Even after the grand jury verdict, the jury in my mind is still out. I'm still not sure exactly what I believe happened, except that a boy is dead and a police officer's career is over, outcomes that surely neither had foreseen when their paths crossed in the middle of that street that day. But here's what I do feel sure about: that this is a tragic case of unintended consequences and that from now on all police officers should reach for their Tasers or pepper spray before their guns. Let the guns be the last line of defense, never the first. Had police officer Darren Wilson used a Taser on Michael Brown during whatever it was that went on in his police car and moments later on the street, we almost certainly wouldn't know their names today.

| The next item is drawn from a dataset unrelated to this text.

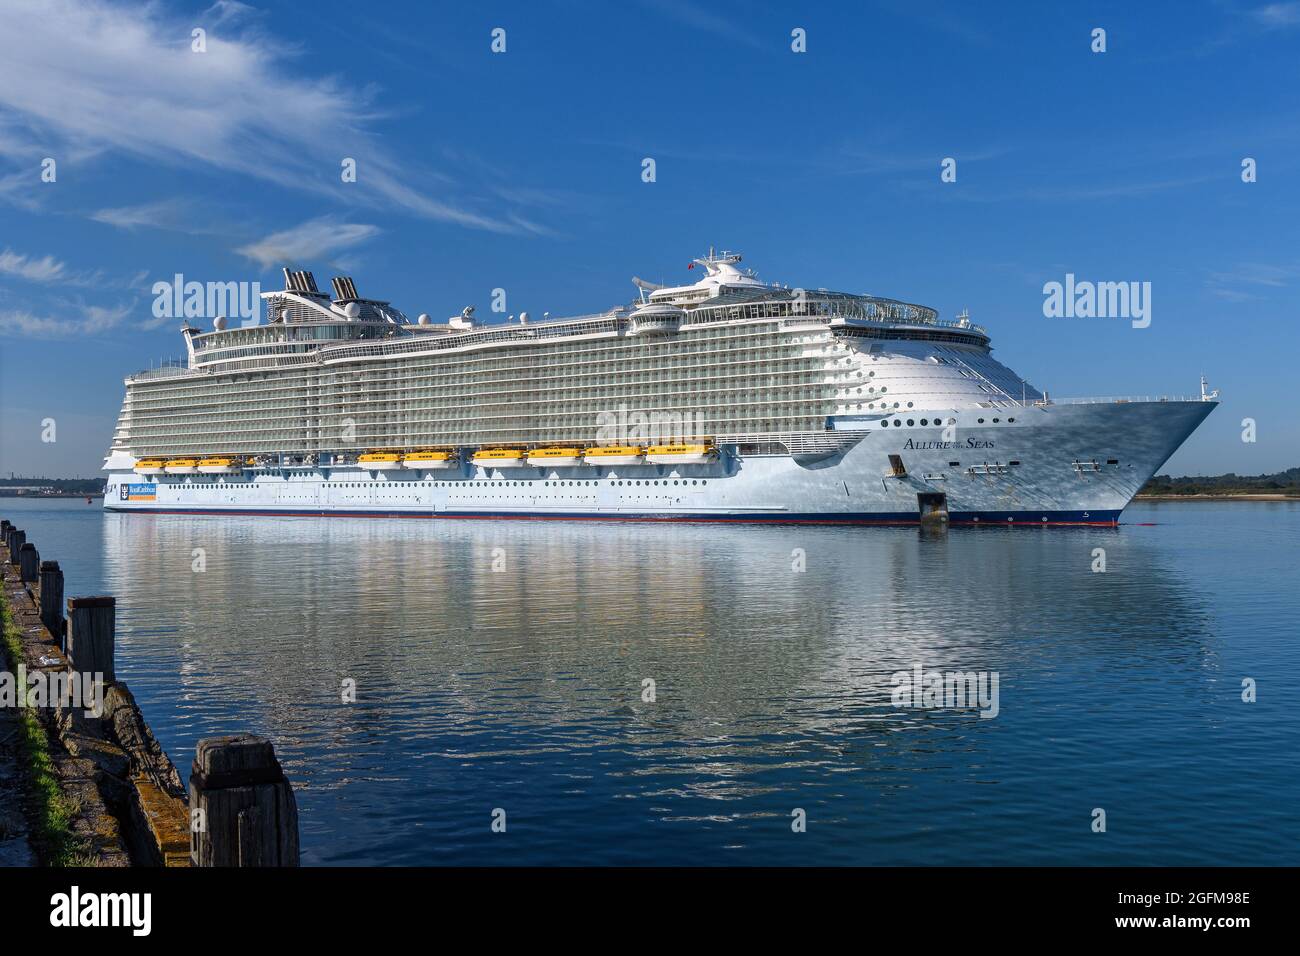 Allure of the Seas, operated by Royal Caribbean International, is one of the world's largest cruise ships - July 2020. Stock Photo

Wilson would still be doing his job and Michael Brown's case would have been adjudicated by our criminal justice system instead of by a bullet. Among the protests, conversations, and dialogues there have been calls for major reforms within police departments across the country to crack down on police abuse and promote better and more just community and race relations. Yes, by all means let there be a shake-up and improvement in police policies. How about starting with the mandatory use of non-lethal weapons before guns? |
"Tropical Depression"
by Patti Liszkay Buy it on Amazon: https://www.amazon.com/dp/B0BTPN7NYY "Equal And Opposite Reactions"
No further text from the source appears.